Incorrect DNS Resolution for VPC Endpoint:

  • While you configured the VPC Endpoint, ensure that DNS resolution for your RDS endpoint is correctly routing through the PrivateLink.
  • If "Private DNS enabled" was not checked when creating the VPC Endpoint, or if there are conflicting DNS settings in your VPC, Firehose might be trying to resolve the RDS endpoint over the public internet, bypassing the PrivateLink.
  • Check: From an EC2 instance in the Firehose VPC, try to nslookup your RDS endpoint.

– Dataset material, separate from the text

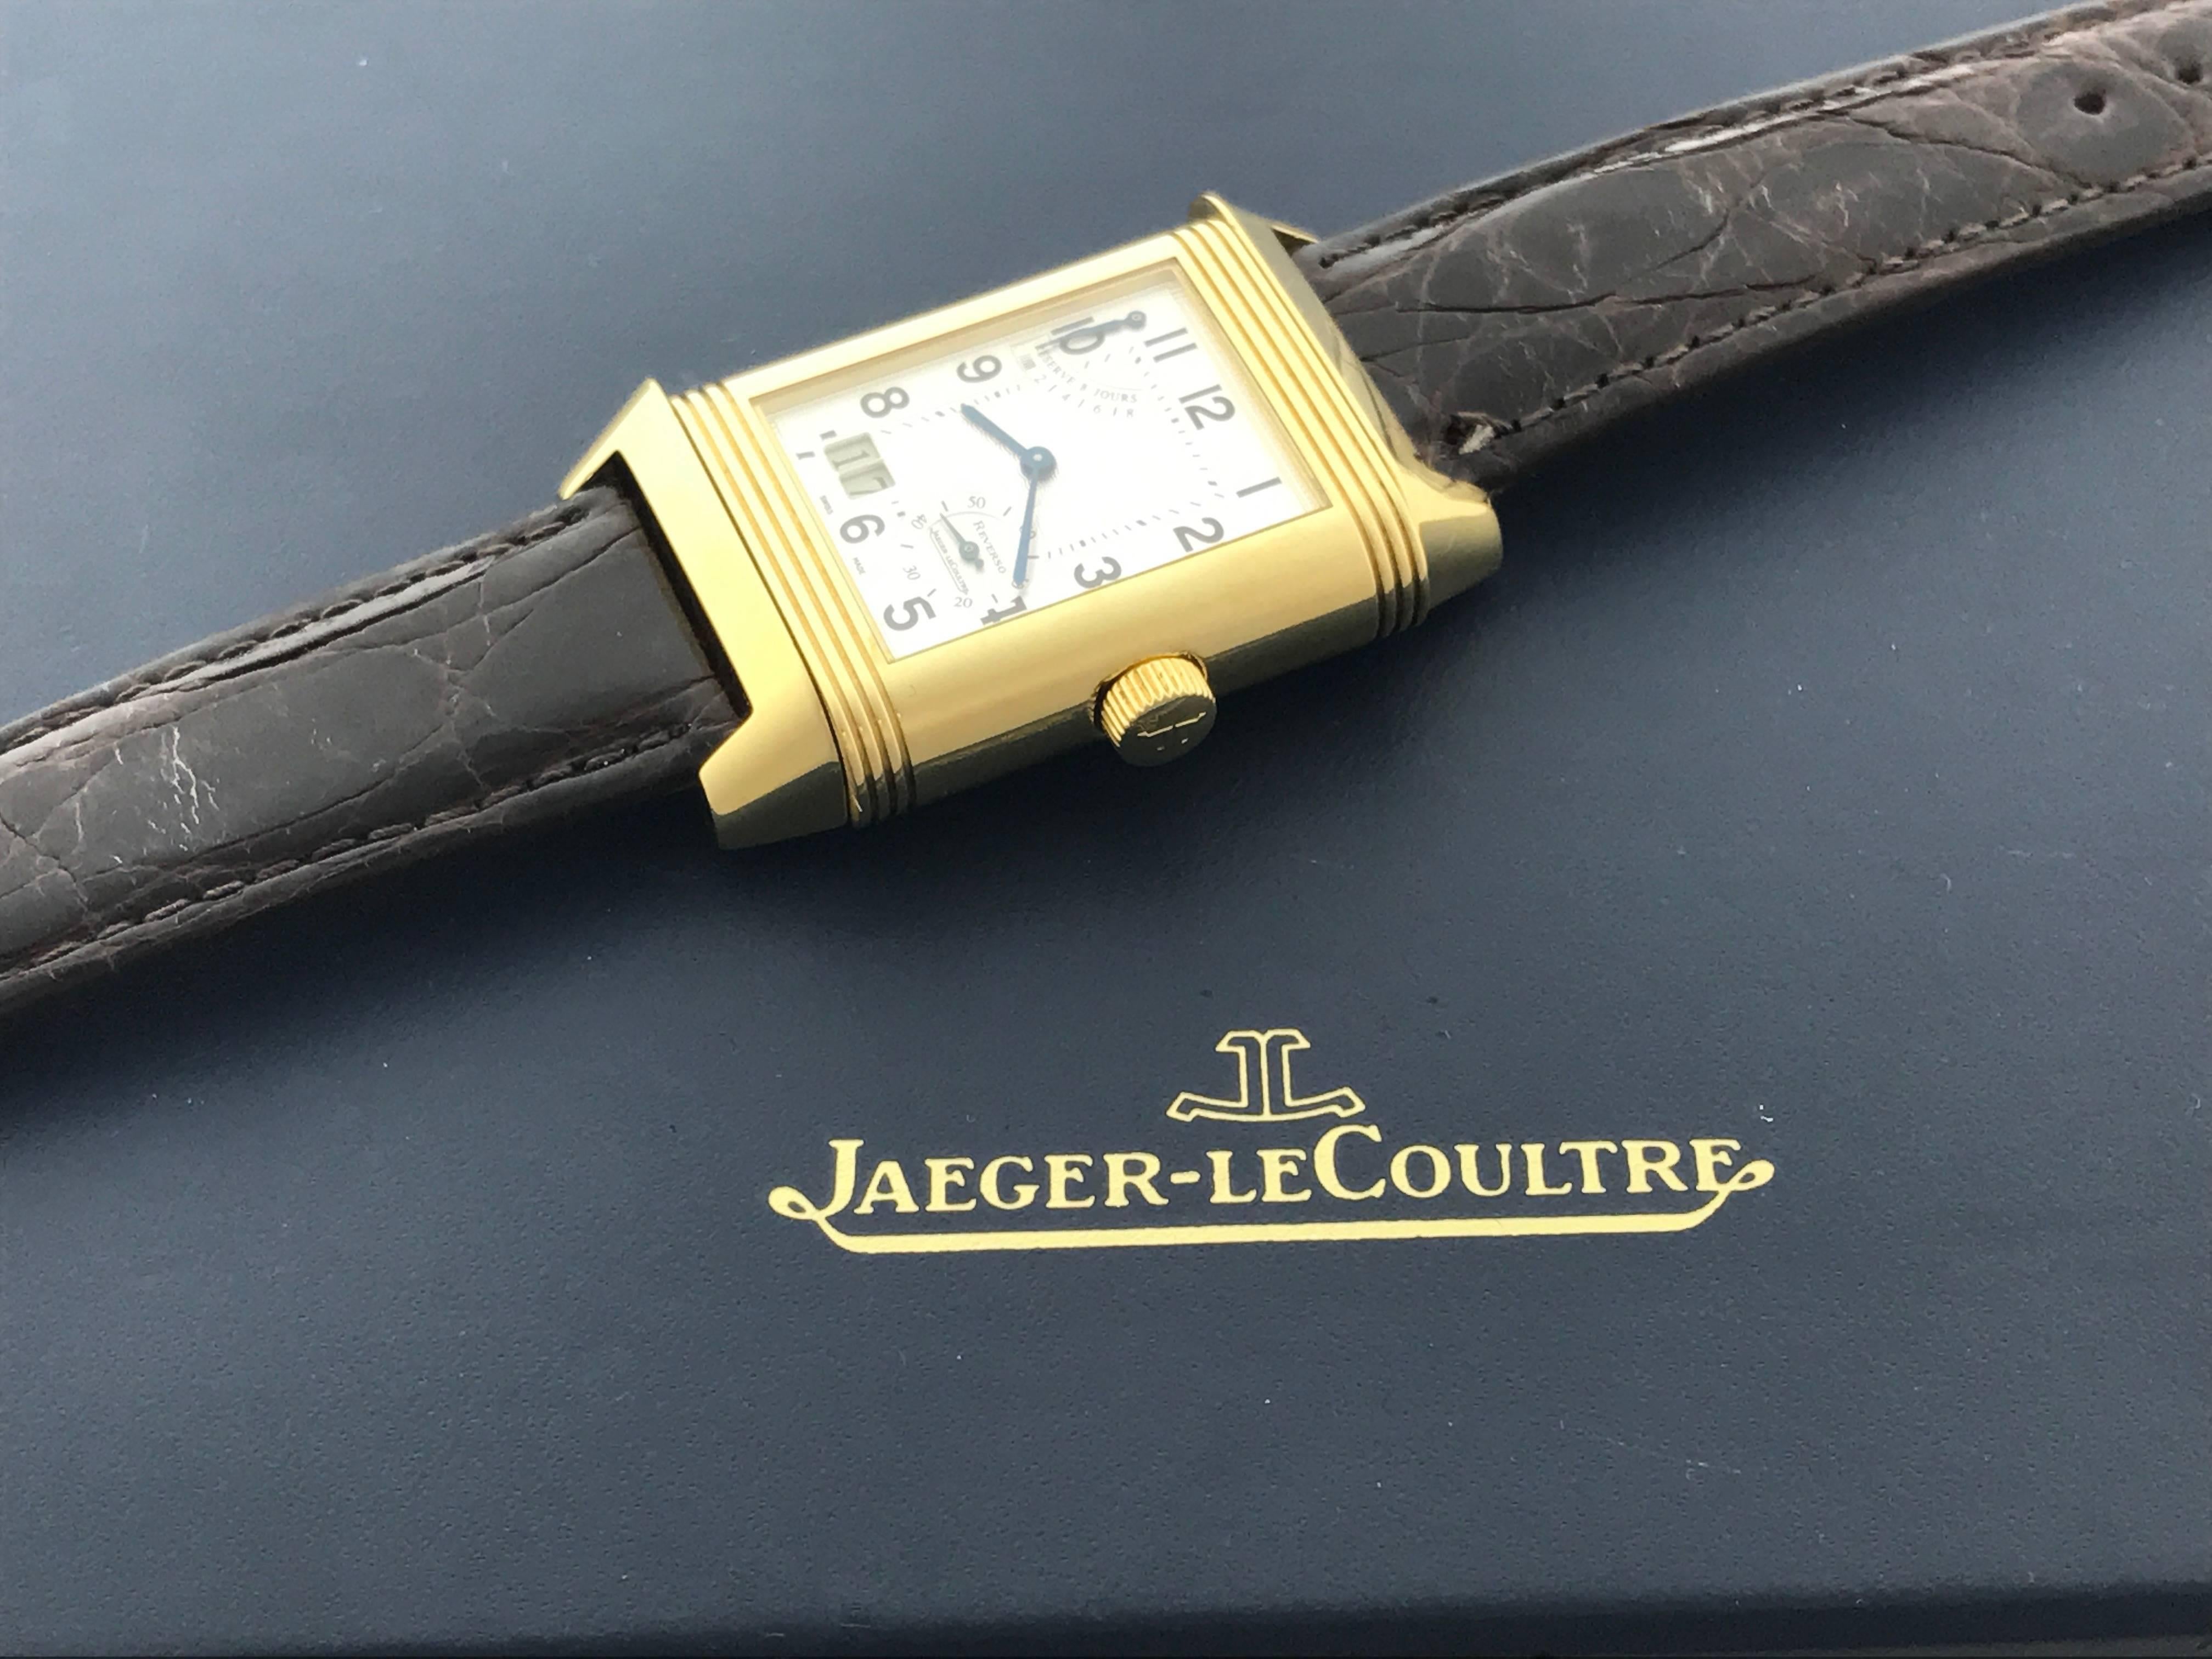 Jaeger-LeCoultre Reverso Model Q300.14.20 certified pre-owned men's wrist watch.  Features include: Manual-winding eight day Caliber 875 movement with duo spring-barrels, power reserve Indicator and big date. Beautiful silver guilloche dial with

It should resolve to the private IPs of the VPC Endpoint ENIs, not the public RDS IP (if it has one).
  • In summary, the steps to fix this are:
    • Go to the VPC Endpoint Service (vpce-svc-0cd00799a20823ea9) in the account where your RDS DB and NLB are.
    • Add your RDS DB's DNS name (e.g., my-rds-instance.abcdefg.ap-northeast-1.rds.amazonaws.com) as a private DNS name to the VPC Endpoint Service.
    • Wait for the verification process on the Endpoint Service to complete.
    • Once verified, go back to your VPC Endpoint and enable "Enable private DNS names".

✅ Conclusion

This new Firehose CDC capability delivers:

  • Simple, serverless streaming from databases to Iceberg tables.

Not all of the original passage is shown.